ScotPac is trying to claw back some of the almost $8 million it was owed by AFF and In2Food.
ScotPac has lodged two caveats over the title of Raftery’s waterfront house claiming interest in the property. There are also three mortgages on the property, according to title records.
Creditors are more likely to get answers as to why In2Food collapsed, with that company’s liquidators pursuing action to secure funding to hold a public examination into that business failure.
HLB Mann Judd’s Todd Gammel and Matthew Levesque-Hocking are seeking funding for that public examination from the federal Department of Employment and Workplace Relations.
In a report to creditors, Gammel and Levesque-Hocking noted that 29 assets of In2Food had two or more security interests granted over them. It meant those assets had been pledged as collateral to multiple parties.
HLB Mann Judd determined In2Food was potentially insolvent since at least June 2022, before it went into liquidation in April 2023.
“Based on the inquiries and investigations conducted into the [In2Food] companies affairs to date, it is unlikely that a dividend will be paid to unsecured creditors of the companies unless there are significant
recoveries specifically relating to the public examinations and the potential insolvent trading claim,” the HLB report found.
Remagen was a shareholder and lender to the In2Food group, where just over $14 million of client money was put into it.
Many farmers and small business owners were In2Food creditors as was the Australian Tax Office. The latter was owed about $3 million, and employees were owed $6.2 million, including superannuation payments estimated at $1.8 million.
The HLB Mann Judd report said directors could be personally liable for the tax and superannuation debts. As well, the liquidations said they had “identified a number of actions that would be considered breaches of directors duties”, which required further investigation.
Those breaches included a potential conflict arising from Raftery being a director and financier of In2Food, given “the reliance on funding and assurances of funding” that resulted in the group continuing to operate.
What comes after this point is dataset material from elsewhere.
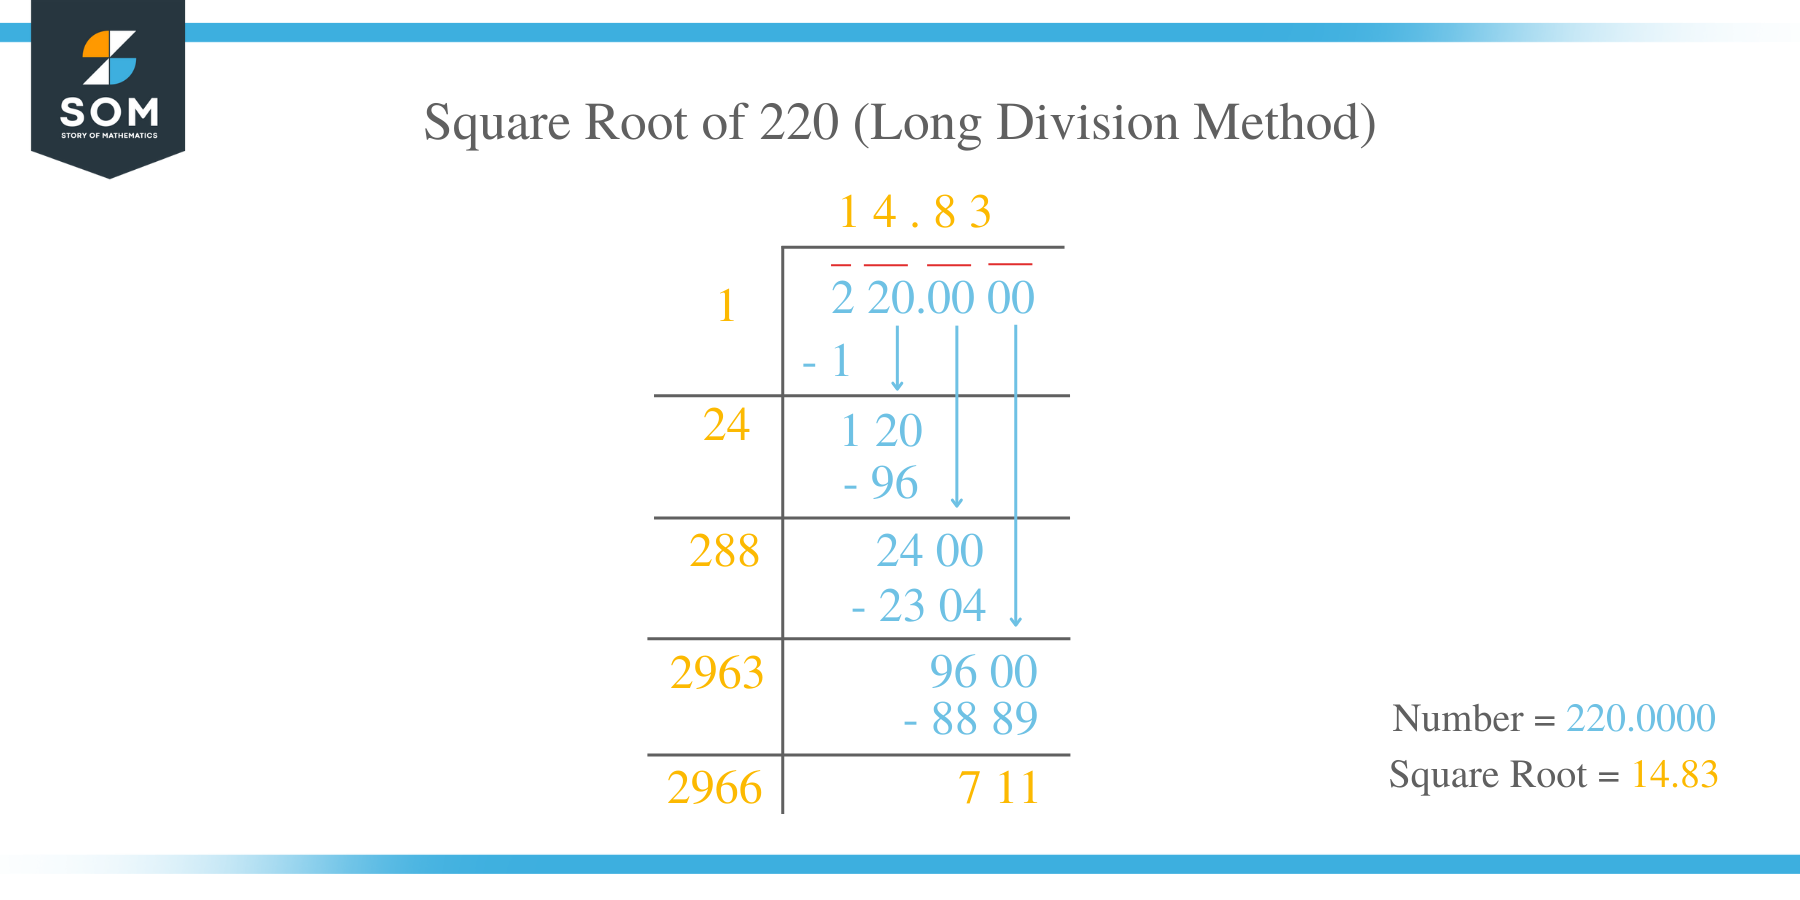 Square Root of 220 by Long Division Method
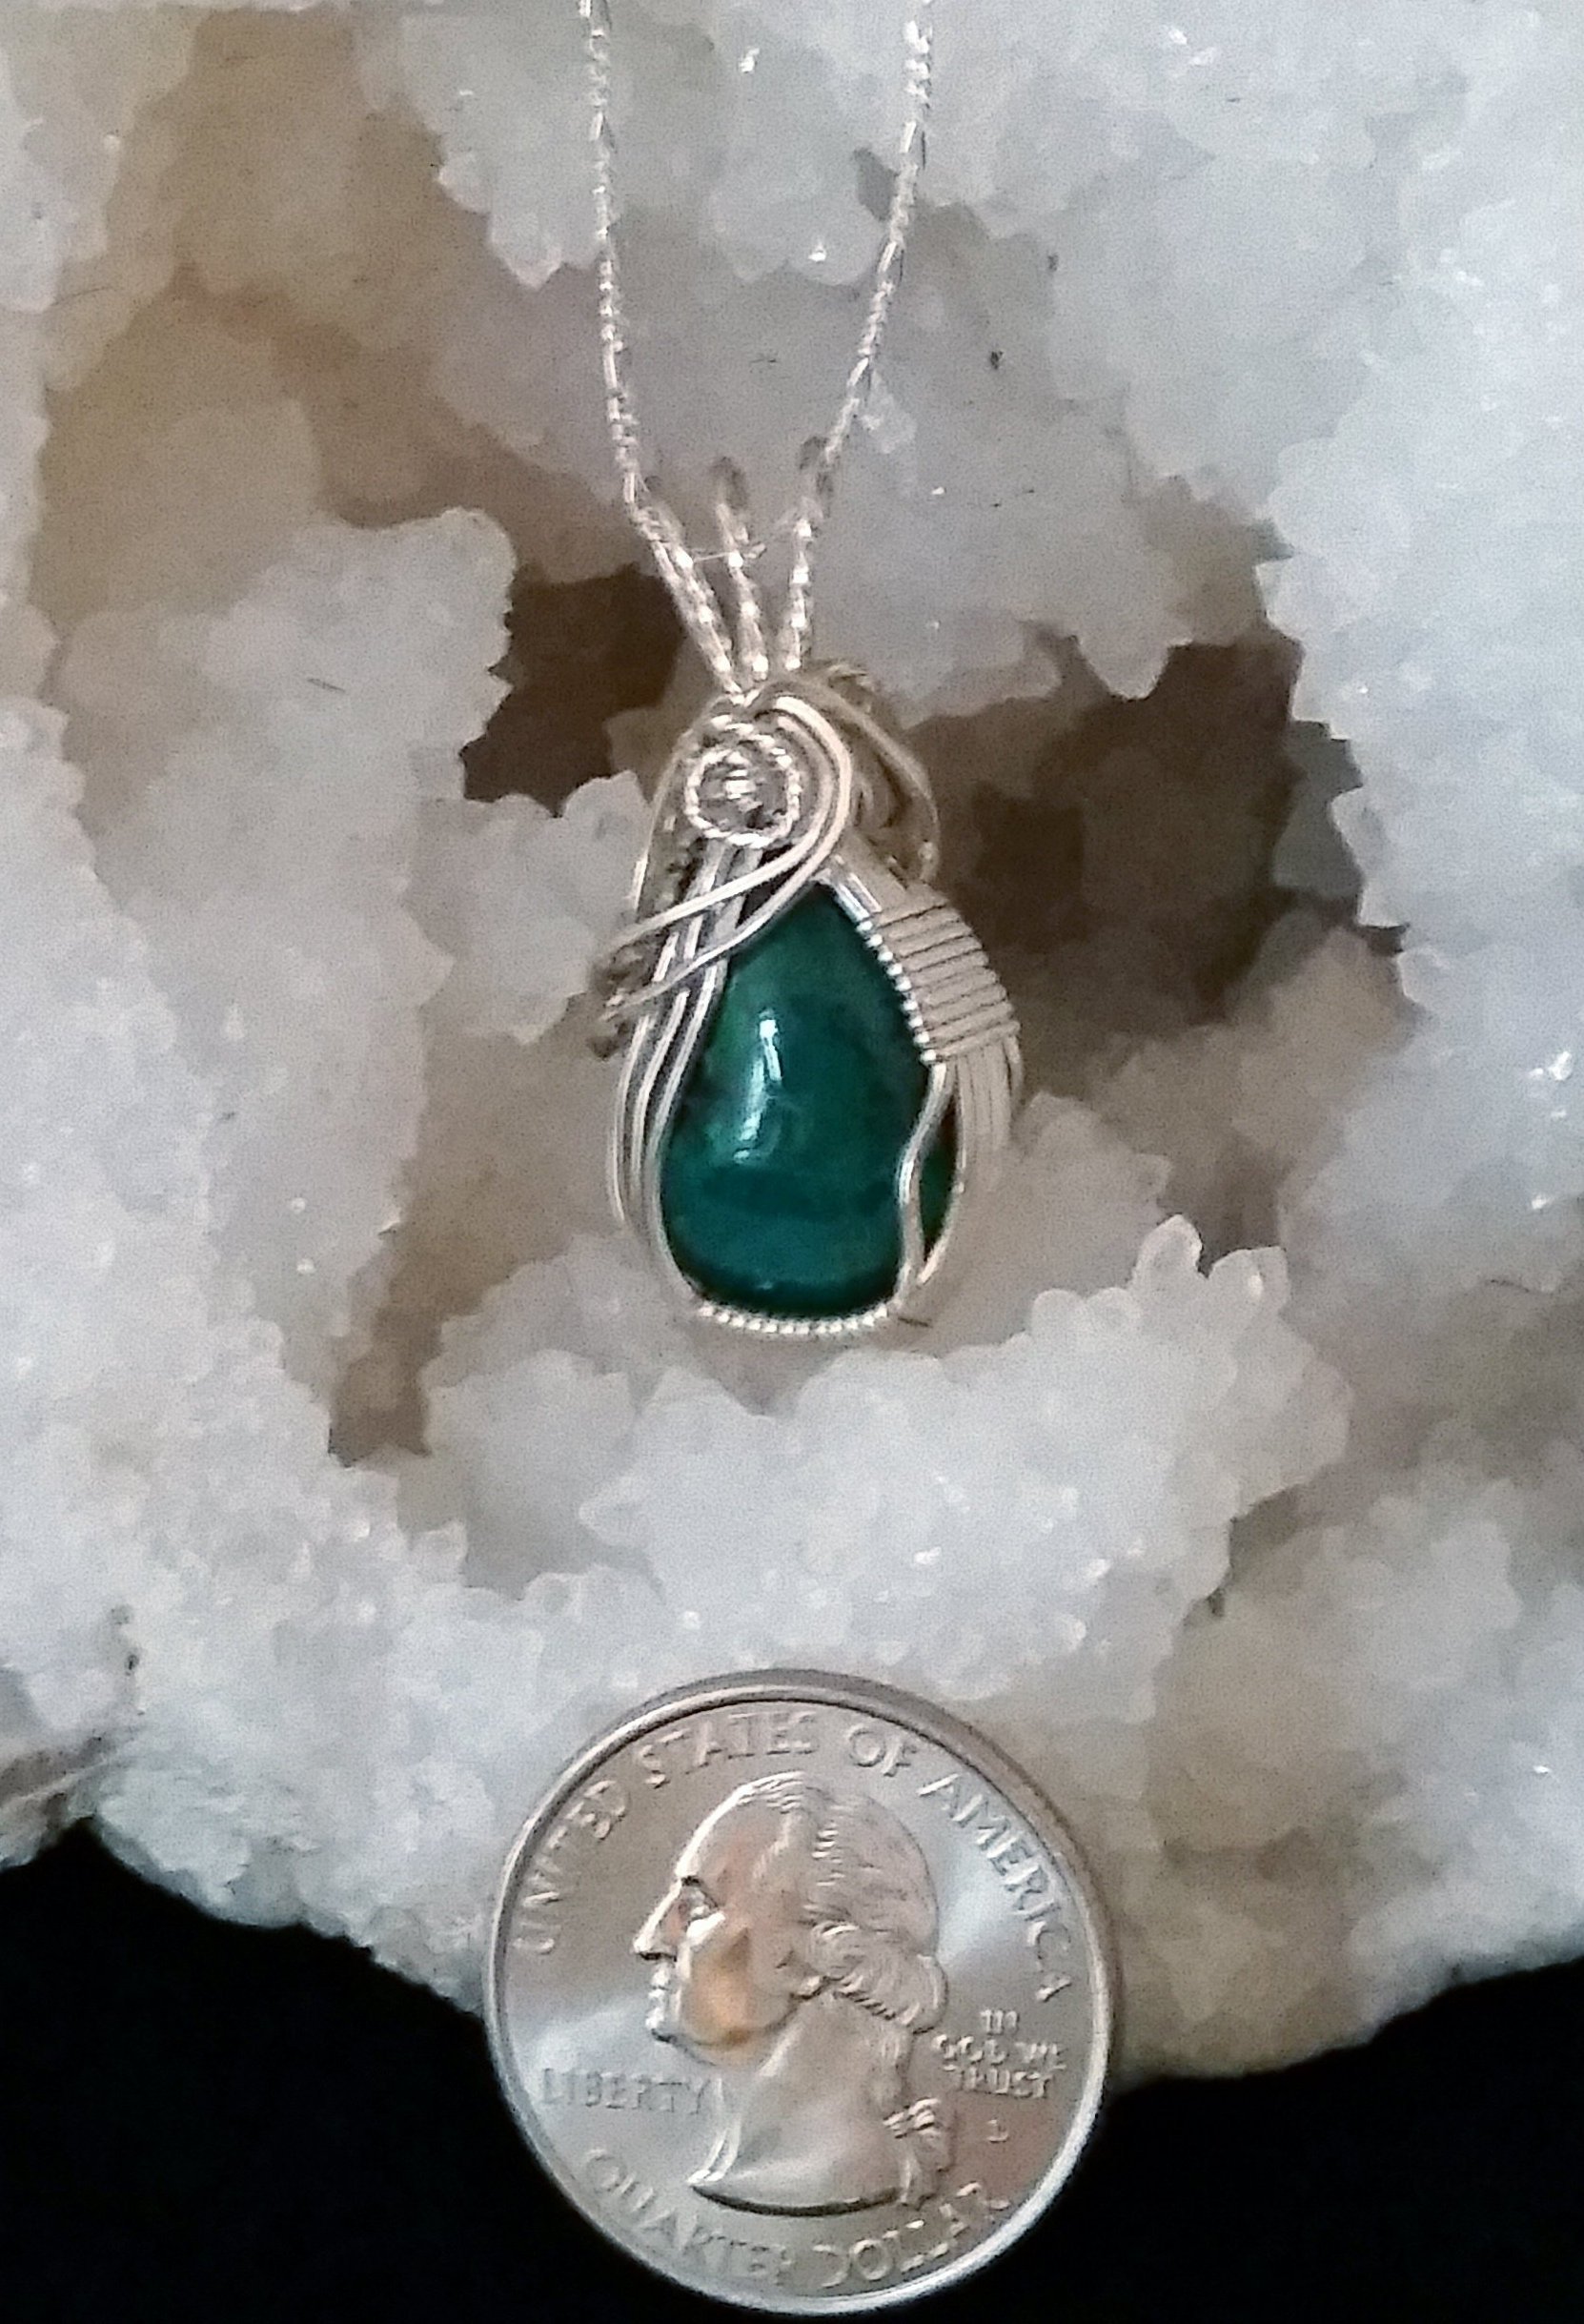 This beautiful Malachite-Chrysocolla pendant brings serenity, tranquility, and calming energies, making it a beautiful crystal to wear as a pendant. It brings the energy of new beginnings, helping to facilitate smooth transitions in times of change.

A claim that Raftery disputes through his lawyer.
Raftery outlined a number of reasons for In2Food’s failure to HLB Mann Judd including poor integration of existing systems, processes and controls, lack of customer management, high costs, failure to raise capital from shareholders, and that he claimed to have been misled around the true status of the company when it was acquired in late 2021.
The report said further investigation was required into potential insolvent trading claims against directors.
HLB Mann Judd was sending a report to ASIC about In2Food.
The trouble engulfing Remagen and its founder, Raftery, has drawn attention once again to the private lending groups that exist outside the regular banking system, prompting debate about the need for greater transparency around the groups operating in that sector.
Meanwhile, Raftery continues to work as an adviser, and is a director of dozens of companies. He’s waiting to see if the public examination into In2Food’s collapse proceeds. The auction of his resort-style waterfront home that he so yearned to own, goes ahead on Saturday.